The Wreck. "Follow failed screenwriter Junon as she attempts to make it through the most pivotal day in her life. Relive the past, alter the present, and embrace the future - or watch Junon’s story end in a wreck."

I liked the graphics and its pitch - "a mature 3D visual novel about sisterhood, motherhood, grief and survival" - reminded me a little of Lake, about which I said "I really like Lake... The more games like this I play, the more I want to play." Don't say it if you don't mean it.

Intruder in Antiquonia. "Sarah doesn't remember who she is or how she got to Antiquonia. Help her solve the mysteries of her past as you explore this internet-hostile town to find the answers. A beautiful, hand-illustrated point-and-click adventure with a wonderful soundtrack."
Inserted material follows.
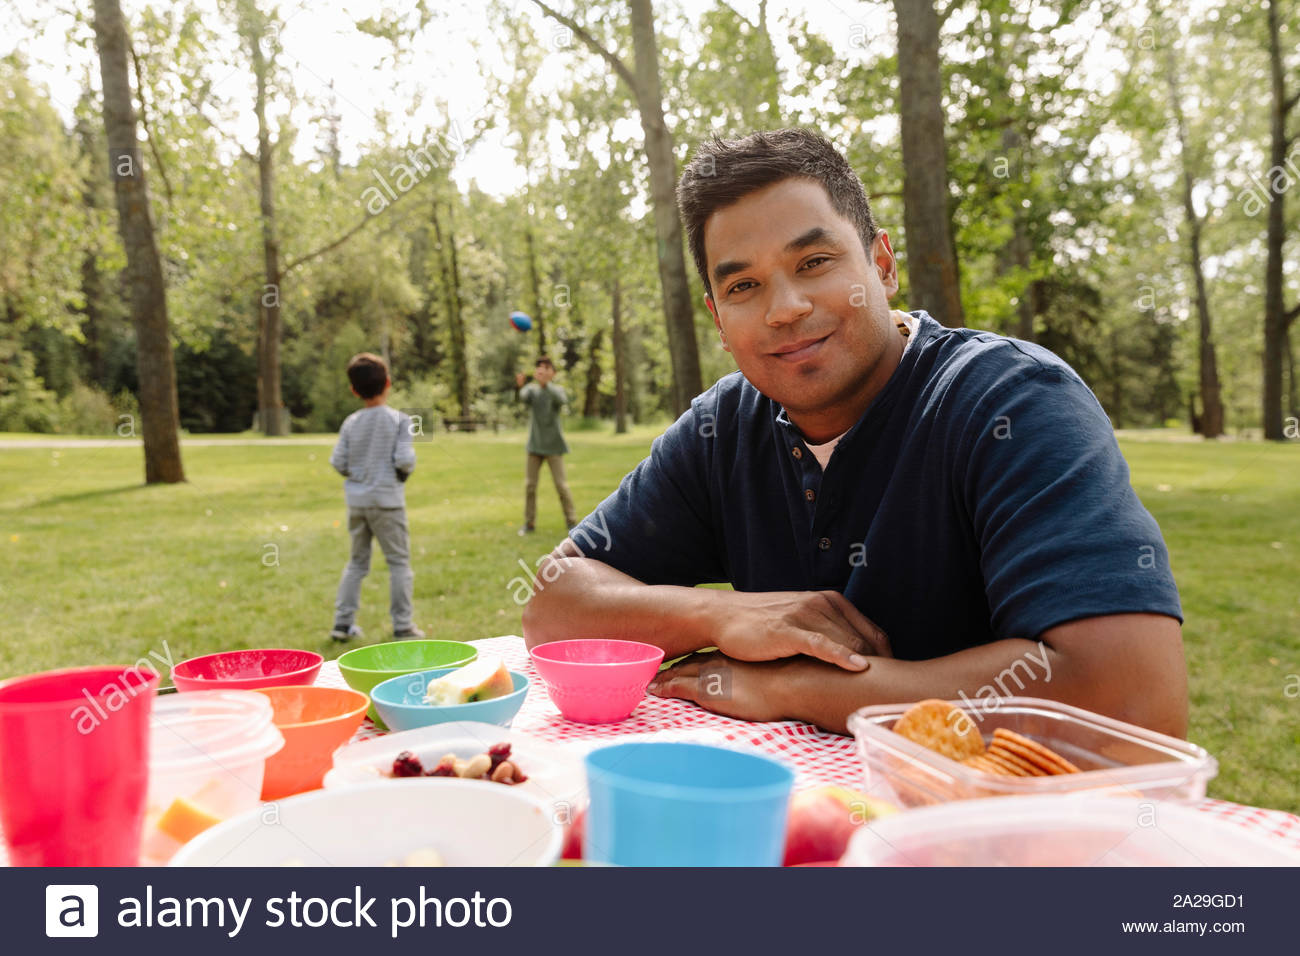 Portrait of man having picnic in park with boys playing in background Stock Photo
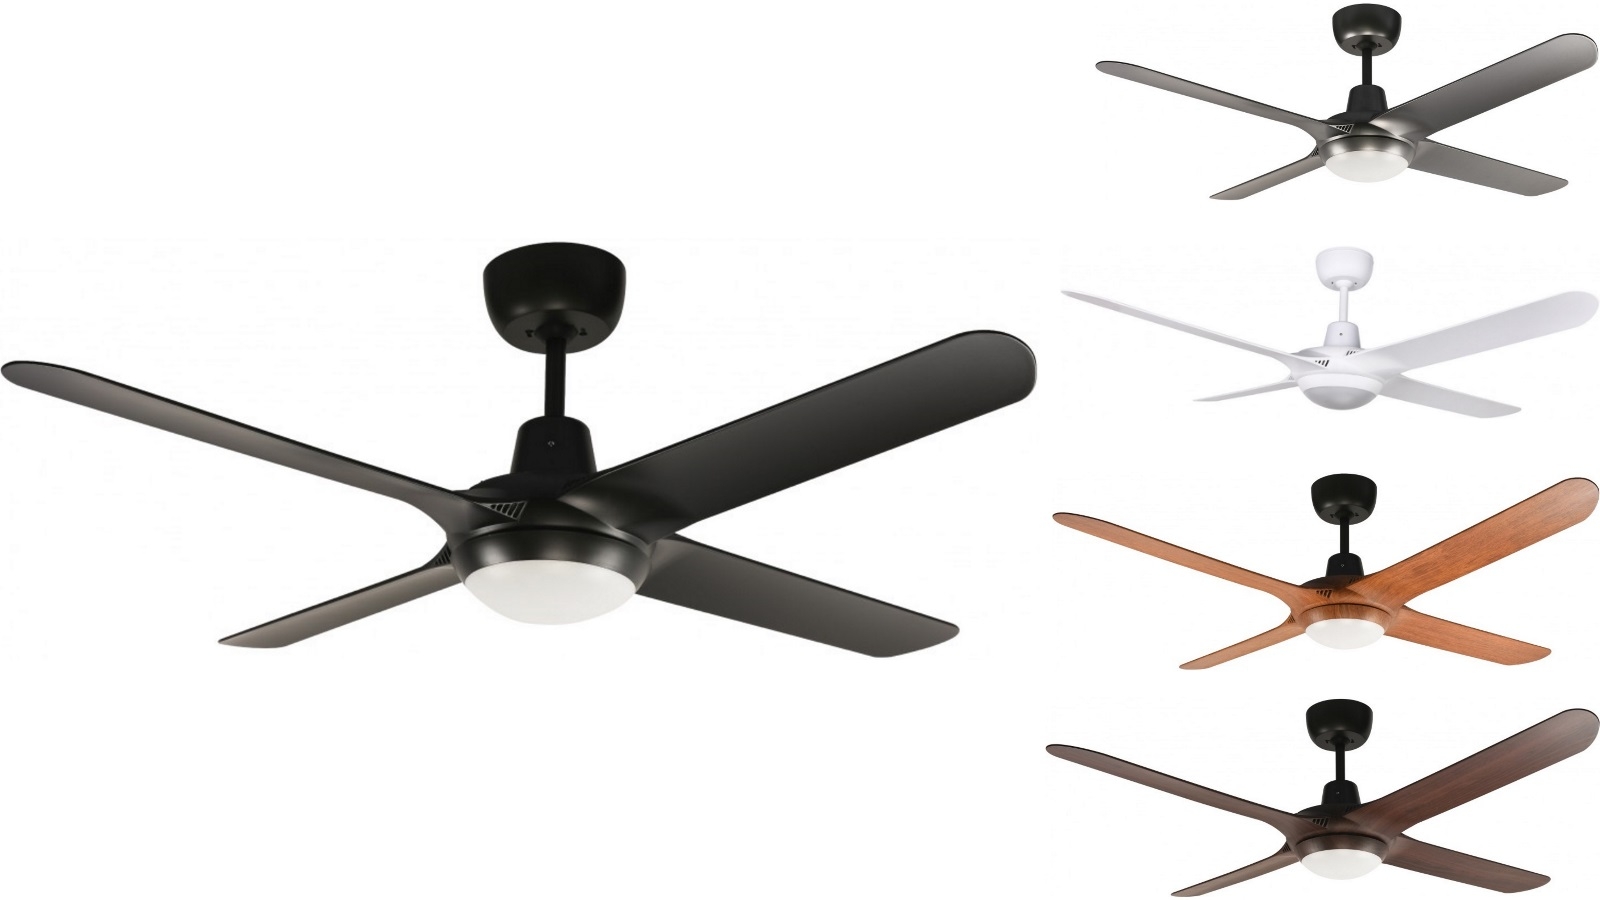 Ventair Spyda 56" 1423mm 4 Blade Indoor/Outdoor Ceiling Fan with CCT LED Light

I passed on this the first time. The title is awkward, the graphics look far from "beautiful" and we'll be the judge of how "wonderful" the soundtrack is, thank you. I'm not big on overselling. What got me to change my mind was this one line in the description: "Antiquonia, a fascinating town where the locals reject the Internet." Do they? Do they really? Why? Inquiring minds want to know!

Children of Silentown. "Children of Silentown is a dark adventure game that tells the story of Lucy, a girl growing up in a village deep in a forest inhabited by monsters. People disappearing is nothing uncommon here, but this time, Lucy is old enough to investigate on her own. Or so she thinks."

It was always too much to hope I'd get through this whole thing without a little horror creeping in somewhere. Not that I'm saying Lucy's a little horror. I'm sure she's lovely. They're nearly always called "Lucy", aren't they? I do feel I've played this game about a hundred times before or at least read about it. But then, I could say that about almost everything on this list and most likely everything in the entire Next Fest line-up. Originality isn't really much of a feature in indie gaming, is it? And who cares, frankly?  Not me. I'd rather see something familiar done well than something original done badly. This certainly looks the business. We'll see if it plays that way, too.

Lost in Play. "Go on a feel-good adventure with a brother and sister as they explore dreamscapes and befriend magical creatures. Lost in their imagination, Toto and Gal must stick together and solve puzzles to journey back home. This whimsical puzzle adventure game will make you feel like you're playing a cartoon!"

I'm not a hundred per cent sure about this one. The Steam page rams the word "puzzle" home every chance it gets and I'm not that big a fan of puzzling. I like point and click adventures where the answers are pretty obvious most of the time. The odd head-scratcher is okay but not in every scene. There's no dialog, either, which kind of undermines the whole concept of the genre to my way of thinking. Looks pretty, though.

And that's the lot. I might start on them tonight. If they turn out to be worth writing about then that's what I'll do. If I never mention them again, they probably weren't. Or else I never got around to playing them at all. One or the other.